A step that fails test one and passes test three needs reasoning. A step that passes test one or test two does not. The mistake most failed AI projects make is calling for reasoning on steps that passed test one — paying for an LLM to do work a rule handles trivially.
What This Looks Like in an SME
The pattern repeats across every SME workflow V8 has built or audited.
A typical sales pipeline workflow runs something like: an inbound enquiry arrives, gets routed to the right responder, prompts a personalised reply, gets logged in the CRM, schedules a follow-up, and surfaces a reminder if the lead goes cold. Of those six steps, exactly one needs reasoning. Generating the personalised reply has genuine ambiguity — the reply has to match the prospect’s tone, address their specific question, and feel human. Every other step is mechanism. Routing by criteria, logging by schema, scheduling by rule, reminder triggering by timer. All deterministic. All cheap. All auditable.
A typical content workflow runs similarly. A topic arrives, gets researched, gets drafted, gets reviewed, gets scheduled, gets published. Drafting needs reasoning. Research often does. Review can be a mix — mechanism for spelling and format, reasoning for tone and accuracy. Scheduling and publishing are pure mechanism.
A workflow that uses LLM reasoning at every step — the kind that gets sold as “an AI agent that runs your sales process end-to-end” — is paying for reasoning on the deterministic steps, accepting non-determinism on work that should be repeatable, and creating an audit nightmare on top of it. The bill for inference compounds. The reliability degrades. The team loses trust in the system because every step might do something unexpected. After a few months, the project gets cancelled. That is the 40% figure Gartner is describing.

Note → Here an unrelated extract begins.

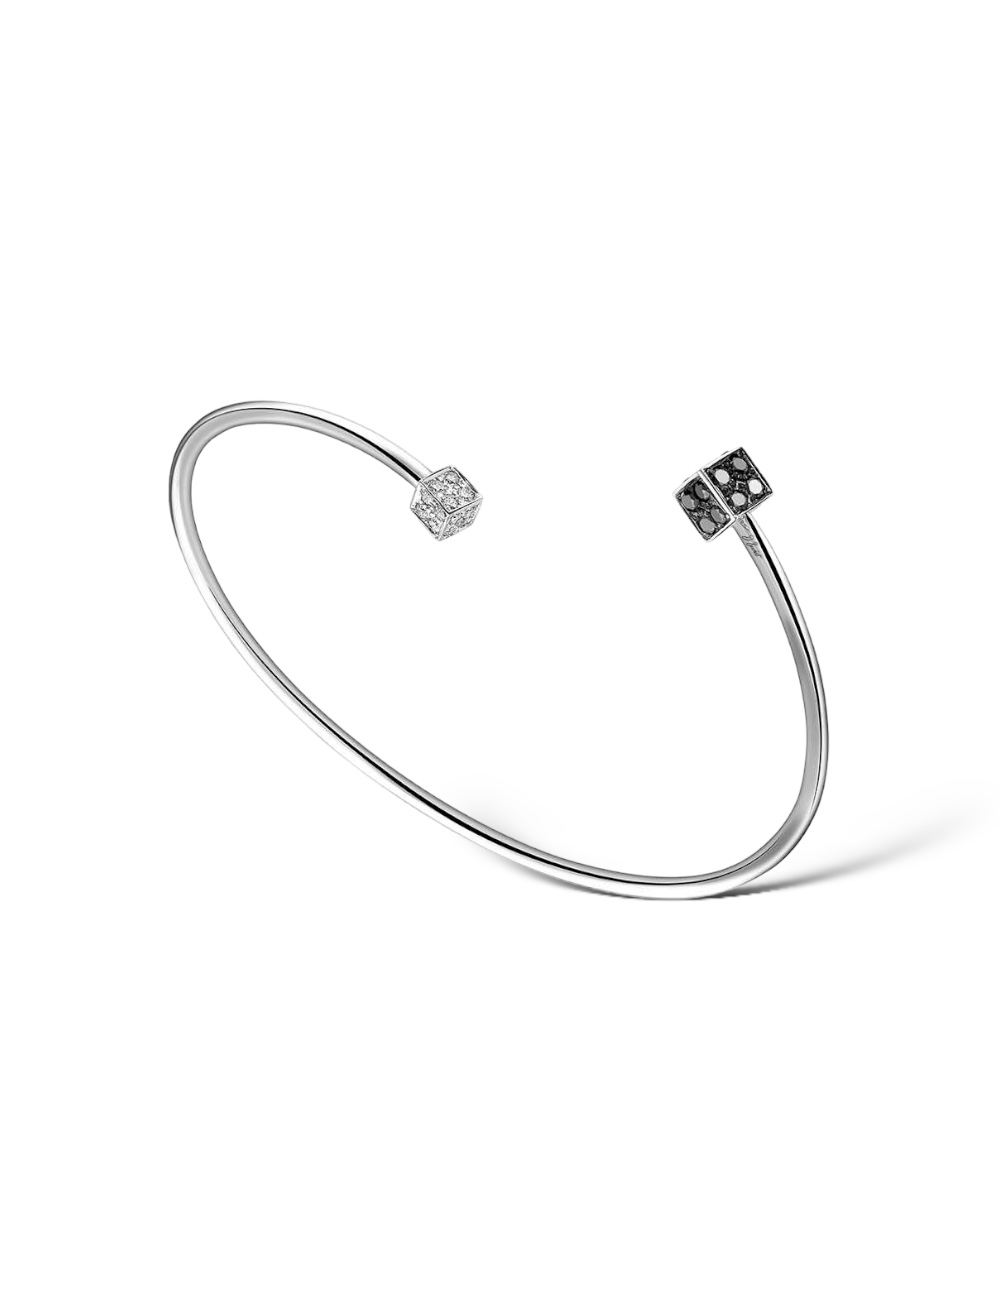 Bracelet jonc Cube pour femme : design unique avec diamants contrastés, apportant sophistication à chaque tenue.

The systems that survive are the ones that put reasoning behind glass. The LLM is summoned for the specific work it is uniquely good at, and stays out of the rest of the workflow entirely. Most of the system is software in the conventional sense. The AI is a precise tool, not an ambient presence.
The Build Position
V8’s Scaffold engagements start by mapping the workflow and identifying which steps need reasoning and which need mechanism. The map almost always comes back the same shape — 80 to 90% mechanism, 10 to 20% reasoning, with the reasoning concentrated in specific named steps where genuine ambiguity lives. From there, the architecture writes itself. The mechanism layer is conventional software, integrated with the tools the business already uses. The reasoning layer is LLM calls, scoped tightly to the steps that earn them, with structured outputs and validation around every call.
This is the opposite of what most AI consultancies pitch. The standard pitch frames the LLM as the centre of the system and treats mechanism as a fallback. The standard pitch is also the one that produces the cancelled projects. V8’s order is reversed: the workflow comes first, mechanism does most of the work, and reasoning is added precisely where the workflow requires interpretation that rules cannot reach.
For SME owners evaluating AI proposals, the three-test framework is also a buyer’s tool. When a vendor pitches an AI workflow, ask which steps are deterministic and which require LLM calls. Ask why. If every step is LLM-driven, the vendor is either selling reasoning where mechanism would do, or has not thought about the workflow carefully enough to know the difference. Either way, the project is heading toward the 40% bucket.
The systems that actually run commercial operations for a business are not the ones that reason most aggressively. They are the ones that reason exactly as much as they need to and not a step more. That is the build discipline. That is what mechanism-first architecture means in practice. And that is why V8 builds the way V8 builds.